Hmmmm. XFS has a history of triggering unique bugs in crypted
volumes - thank you for letting us know up front that this is
what you are using.
> Could it be that something is wrong with my xfs volume and this is not
> being properly handled (since it seems to refer to getbmap below?).
Could be - xfs_check will tell you if there is anything wrong with
it.
> Kernel is configured with oldconfig from ubuntu hardy stock kernel plus
> Alsa. Hardware can be seen at
> <https://bugs.launchpad.net/ubuntu/+source/linux/+bug/235074>.
>
> Kernel oopsed (caps lock+other flashing when I woke up this morning),
> don't know if it's related to the below bug or if it's something else.
> Screensaver was on so I couldn't see any text to see more info.
>
> Jul 8 04:44:56 via kernel: [554197.888008] ------------[ cut here ]------------
> Jul 8 04:44:56 via kernel: [554197.888008] kernel BUG at fs/xfs/support/debug.c:81!
> Jul 8 04:44:56 via kernel: [554197.888008] invalid opcode: 0000 [#1] SMP
> Jul 8 04:44:56 via kernel: [554197.888008] Modules linked in: soundcore
> ac97_bus isofs udf crc_itu_t nvidia(P) af_packet rfcomm l2c
^^^^^^^^^
That could also be a factor.
> Pid: 16200, comm: xfs_fsr Tainted: P (2.6.26-rc8 #1)
> EIP: 0060:[<f956201b>] EFLAGS: 00010282 CPU: 0
> EIP is at assfail+0x1b/0x20 [xfs]
^^^^^^^
Oh - you must be running a debug XFS. CONFIG_XFS_DEBUG was only
introduced in 2.6.26-rc1 and defaults to 'N', so you must have
selected the non-default option when prompted. This will cause your
machine to oops at the slightest inconsistency that is found,
regardless of whether it is fatal or not. Like the help text says,
don't set this unless you are an XFS developer....
That aside, what was the assert failure reported prior to the oops? i.e.
paste the lines in the log before the ---[ cut here ]--- line?
One of them will start with 'Assertion failed:', I think....
Cheers,
Dave.
--
Dave Chinner
[email protected]
On Fri, 11 Jul 2008, Dave Chinner wrote:
> That aside, what was the assert failure reported prior to the oops? i.e.
> paste the lines in the log before the ---[ cut here ]--- line? One of
> them will start with 'Assertion failed:', I think....
These ones?
Jul 8 04:44:56 via kernel: [554197.888008] Assertion failed: whichfork == XFS_ATTR_FORK || ip->i_delayed_blks == 0, file: fs/xfs/xfs_bmap.c, line: 5879
Jul 9 03:25:21 via kernel: [42940.748007] Assertion failed: whichfork == XFS_ATTR_FORK || ip->i_delayed_blks == 0, file: fs/xfs/xfs_bmap.c, line: 5879
I'll happily rebuild the kernel without the debug option and do xfs_check
to weed out any possible logical problem with the volume, if you don't
need any further information from the current state of my volume.

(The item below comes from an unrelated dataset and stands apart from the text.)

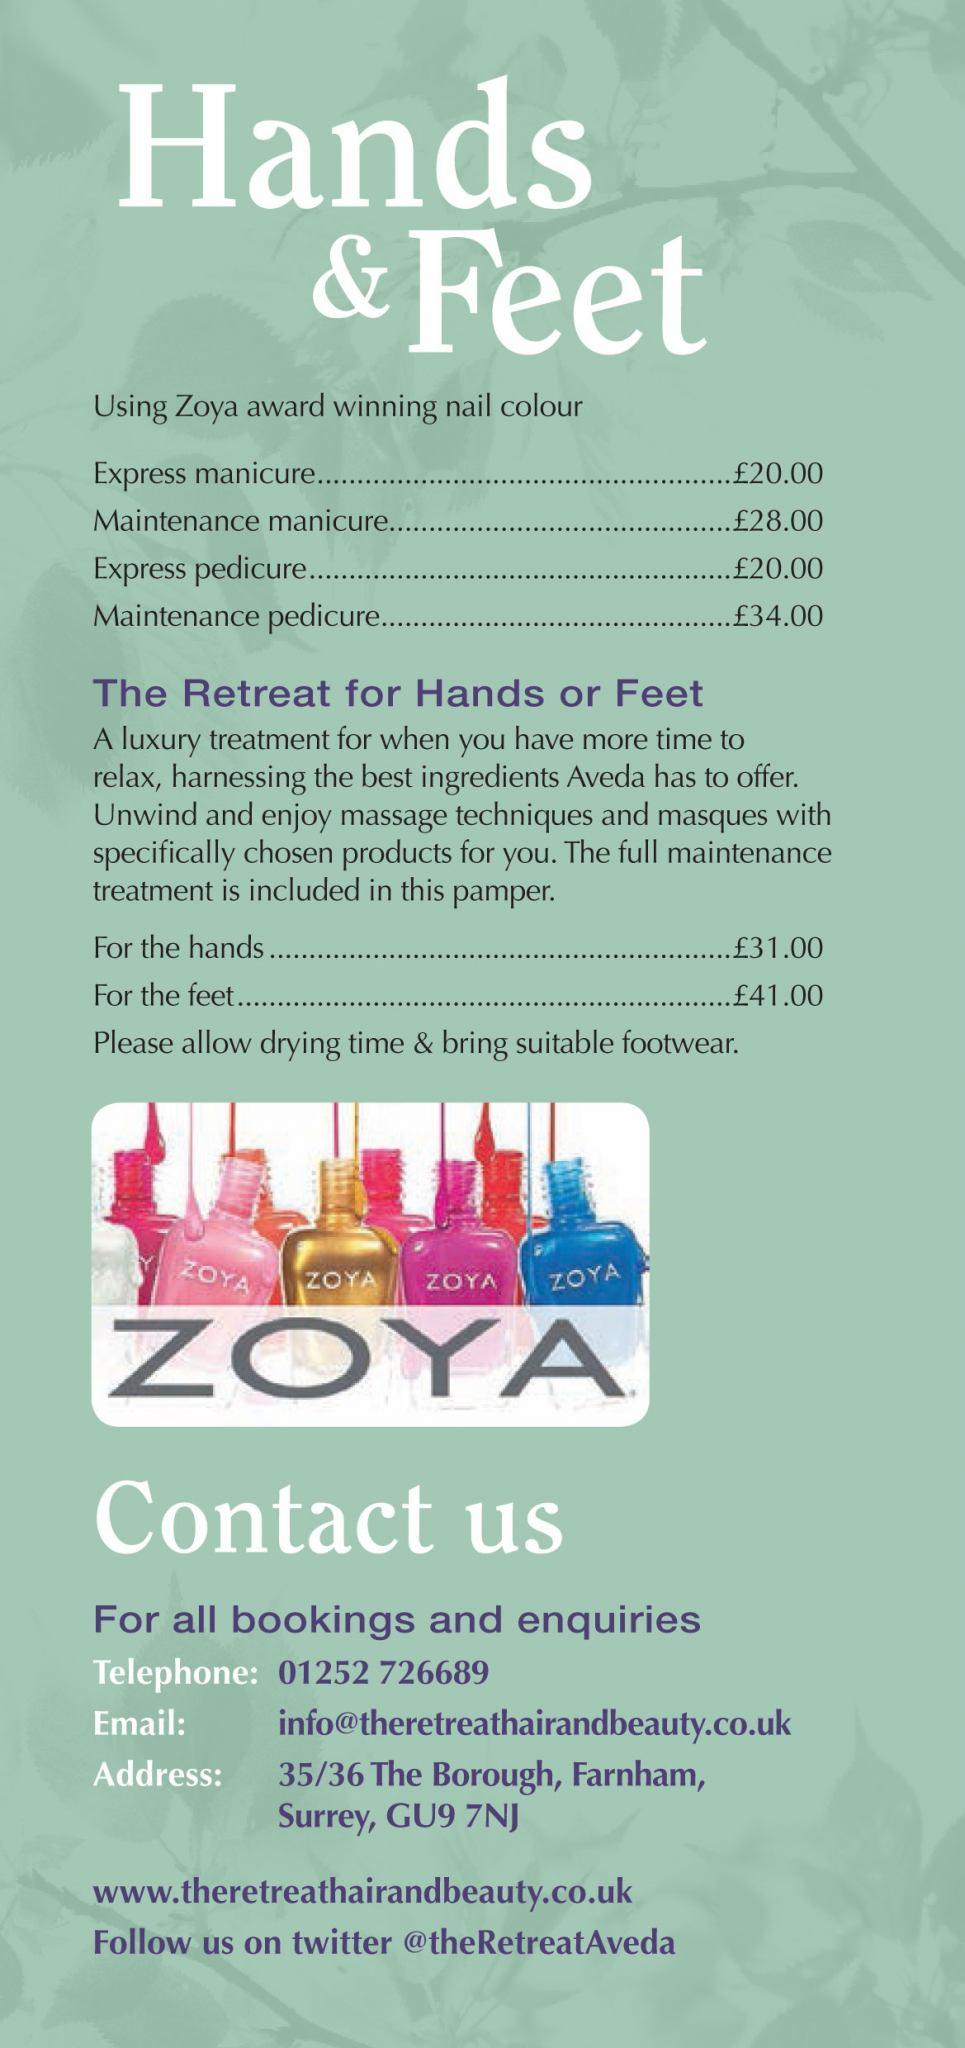 Manicures & Pedicures Aveda Spa, Salon Farnham

I should also say that this assert failue happened two nights in a row so
I guess it's fairly reproducible (didn't happen on the 10th, and today,
the 11th it seems to have panic:ed around 03:30 (I start the
defragmentation via cron at 03:00) which I think is related.
--
Mikael Abrahamsson email: [email protected]
* Dave Chinner | 2008-07-11 18:42:49 [+1000]:
>Oh - you must be running a debug XFS. CONFIG_XFS_DEBUG was only
>introduced in 2.6.26-rc1 and defaults to 'N', so you must have
>selected the non-default option when prompted. This will cause your
>machine to oops at the slightest inconsistency that is found,
>regardless of whether it is fatal or not. Like the help text says,
>don't set this unless you are an XFS developer....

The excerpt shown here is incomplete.